A lo largo de sus dos mandatos, Barak Obama no siempre ha sabido dar pruebas de valentía. Y algunos de sus ambiciosos proyectos se han quedado en letra muerta frente a un Congreso de mayoría republicana y ferozmente hostil al programa del inquilino de la Casa Blanca. Reconozcámosle sin embargo la batalla llevada a cabo, con éxito, por la cobertura de enfermedad de varias decenas de millones de estadounidenses desprotegidos; medida que Donald Trump ha declarado querer abolir rápidamente.

Ahora bien, ha sido en política exterior donde el fracaso del Presidente saliente ha sido más flagrante, en particular en el expediente palestino-israelí que, sin embargo, al comienzo de su mandato lo situó en el corazón de sus prioridades: recordamos el discurso de El Cairo en el que Obama hizo un análisis de la situación política en Medio Oriente que no habría desentonado en la Revista de Estudios Palestinos, y en el que explicaba con gran claridad por qué la estabilidad del Próximo Oriente exigía poner fin a la ocupación colonial israelí.

Frente a una alianza entre el gobierno israelí de extrema derecha, la derecha republicana, los evangelistas y una parte del lobby judío, el Presidente debió dar marcha atrás, hasta el punto de decidir desentenderse completamente de lo que algunos continuaban llamando “proceso de paz”. Más allá del bloqueo realizado por Netanyahu, Barak Obama tuvo que sufrir además una larga serie de declaraciones descorteses, e incluso de humillaciones, por parte de dirigentes israelíes.

Acercándose al final de su mandato, el Presidente saliente se sintió con las manos libres para tomarse pequeñas revanchas sobre sus adversarios, aunque solo fueran simbólicas: la gracia concedida a la soldado Chelsea Mannig, el desbloqueo de 500 millones de dólares para el Fondo Verde para el Clima… y los 220 millones de dólares para la Autoridad Palestina y la reconstrucción de Gaza. Más aún, mucho mejor: por primera vez desde 1973, no utilizó su derecho de veto en el Consejo de Seguridad que, de ese modo, aprobaba una resolución que denunciaba sin ambigüedades la colonización israelí en Cisjordania.
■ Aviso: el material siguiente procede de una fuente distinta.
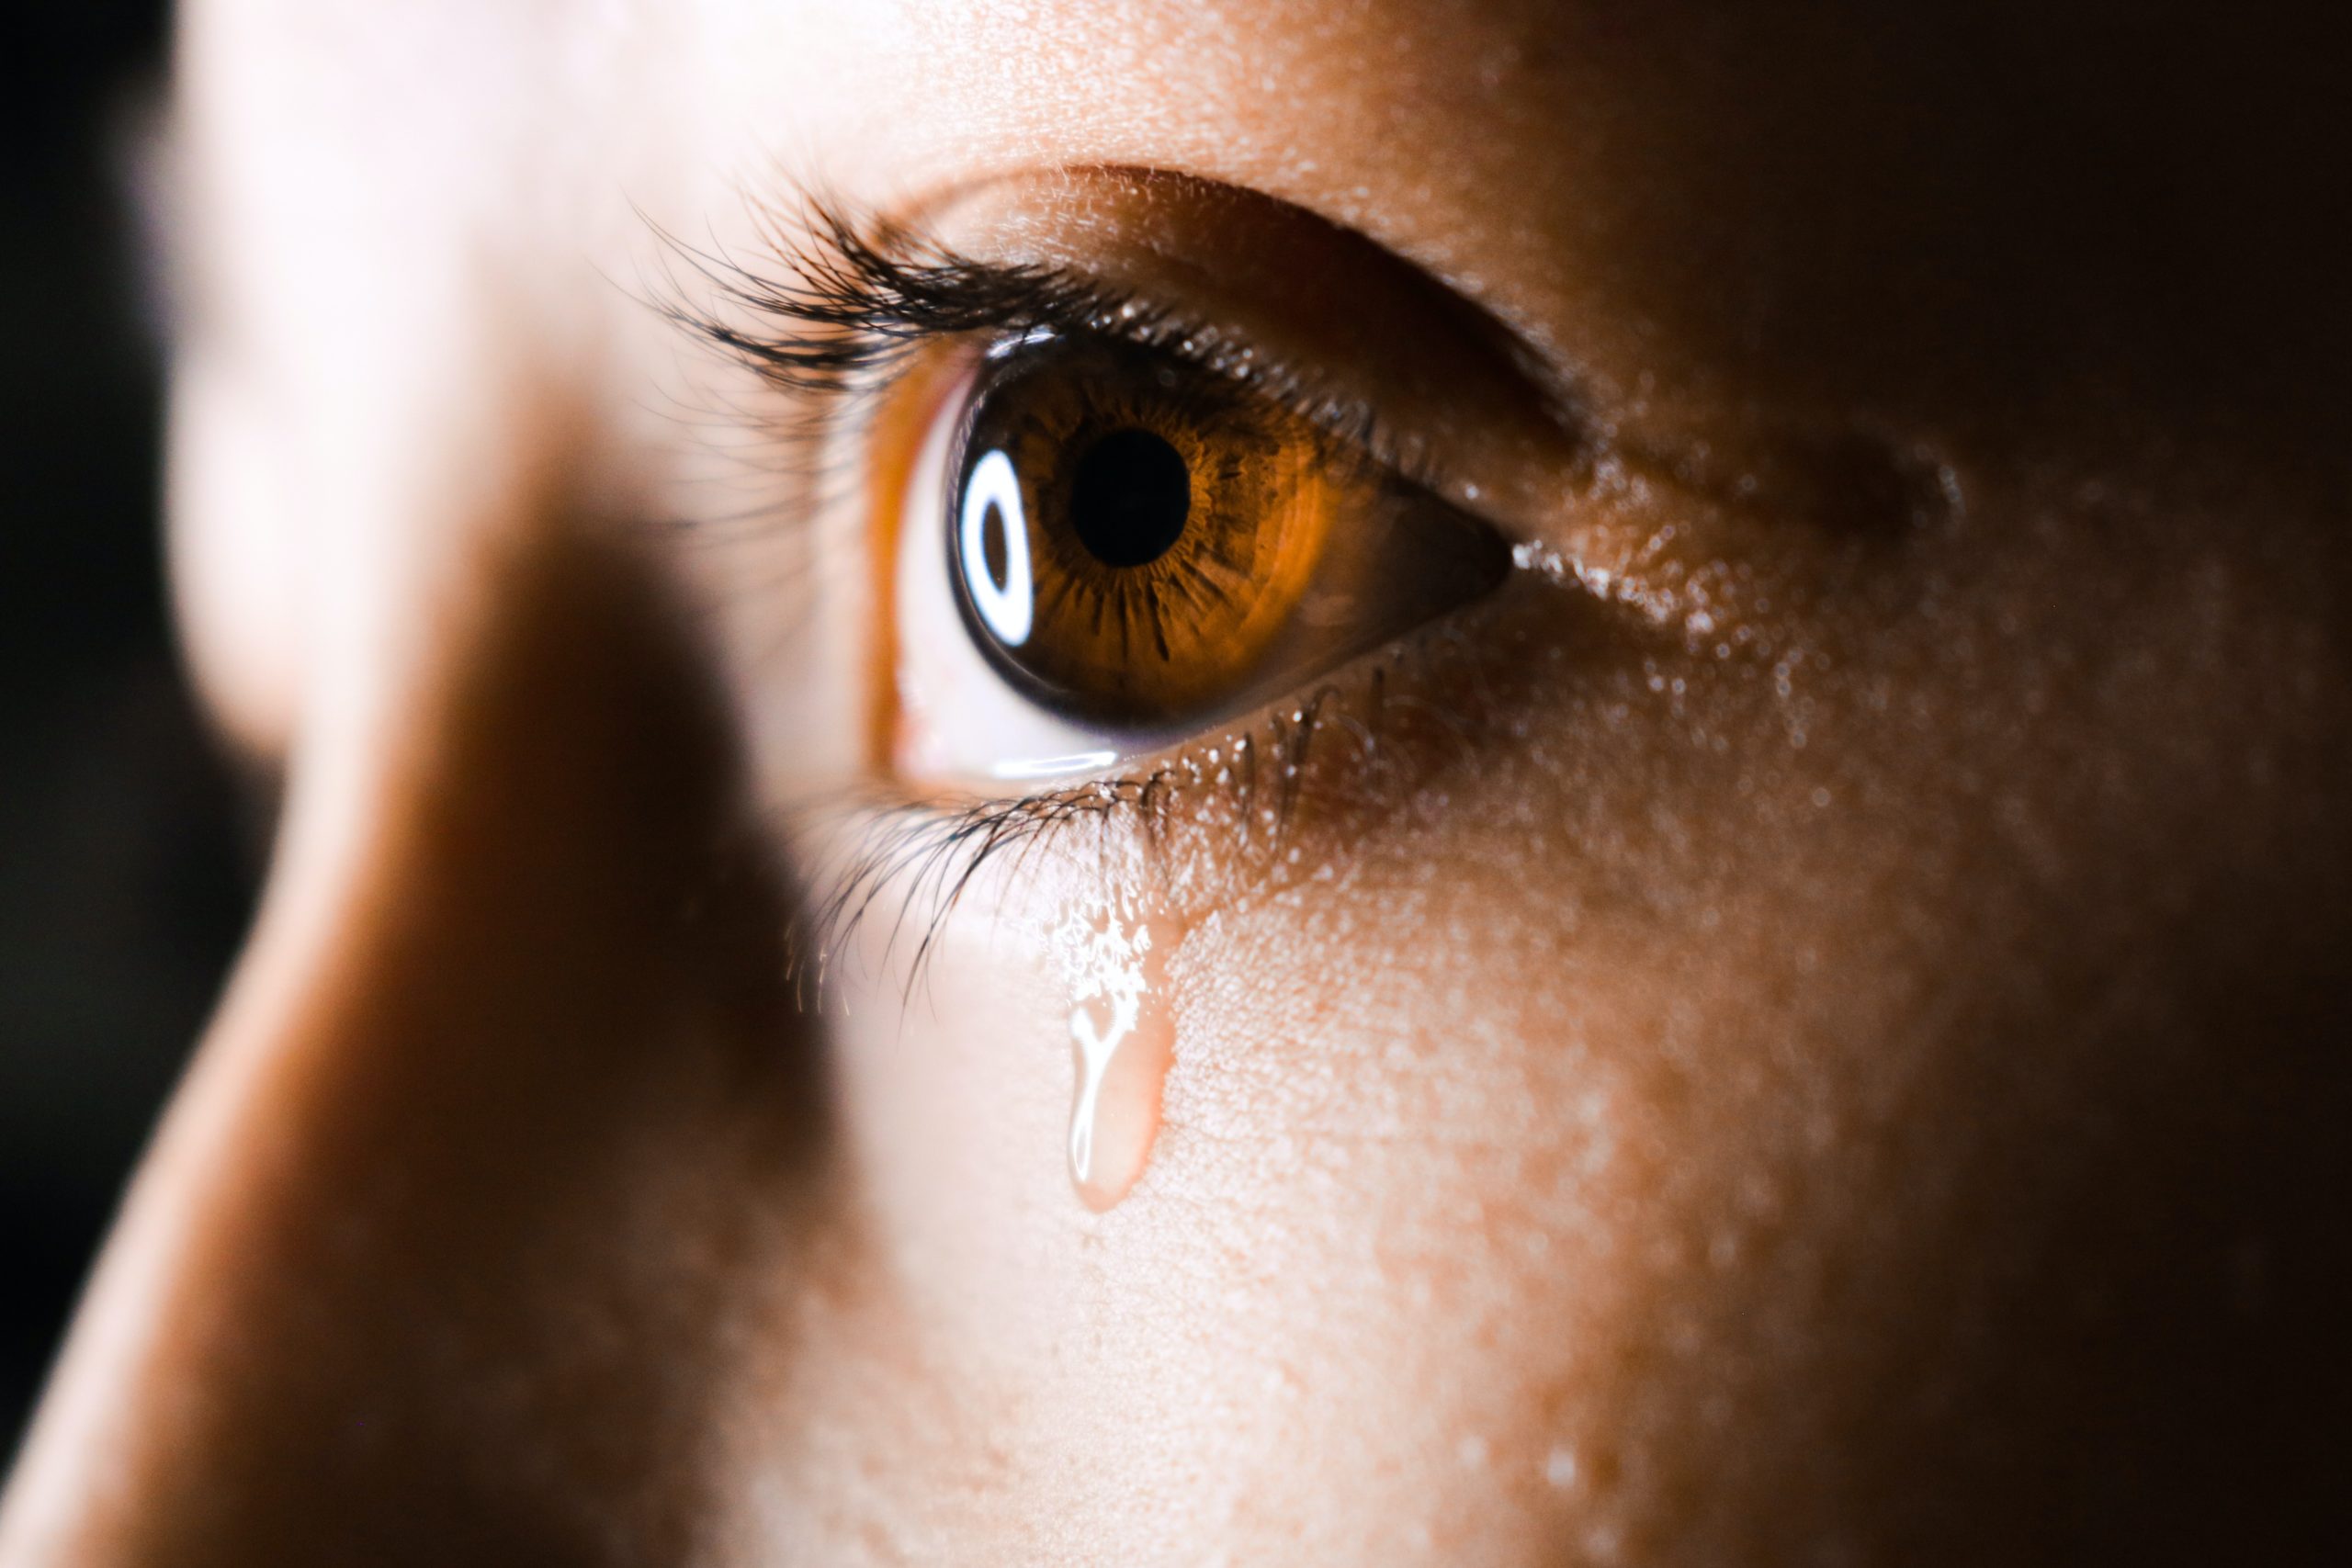 watery-eyes-no-i-m-not-crying-we-fix-eyes

Israel se consuela repitiendo que Barak Hussein Obama era una espacie de islamo-izquierdista (que sin embargo votó antes de su salida una ayuda de 37 millones de dólares [sic] al Estado hebreo, para los próximos diez años: se ve que Obama no es rencoroso), y que con Donald Trump las cosas van a volver a su cauce. Si está claro que la ideología de extrema derecha y racista de Trump, y en particular su islamofobia, está en onda con la del gobierno israelí, el nuevo Presidente estadounidense puede, sin embargo, dar muy malas sorpresas a los dirigentes de Tel Aviv: contrariamente a todos sus predecesores desde el final de los años sesenta, Trump es un electrón libre que no está ligado a los diferentes lobbys proisraelíes, y el hecho de que su hija esté casada con un judío no debe hacer olvidar los numerosos antisemitas que le rodean o le apoyan. ¿Quién puede garantizar a Benjamin Netanyahu que en uno o dos años el nuevo Presidente no firme un acuerdo con Rusia e Irán sobre el asunto sirio, incluso sobre una Conferencia internacional para poner fin al conflicto colonial en Palestina? Con Donald Trump todo es posible, y Netanyahu haría bien en recordarlo antes de vaciar las cajas de champán rosa de su mujer Sarah.

7/02/2017

Publicado en Sine Mensuel, febrero 2017.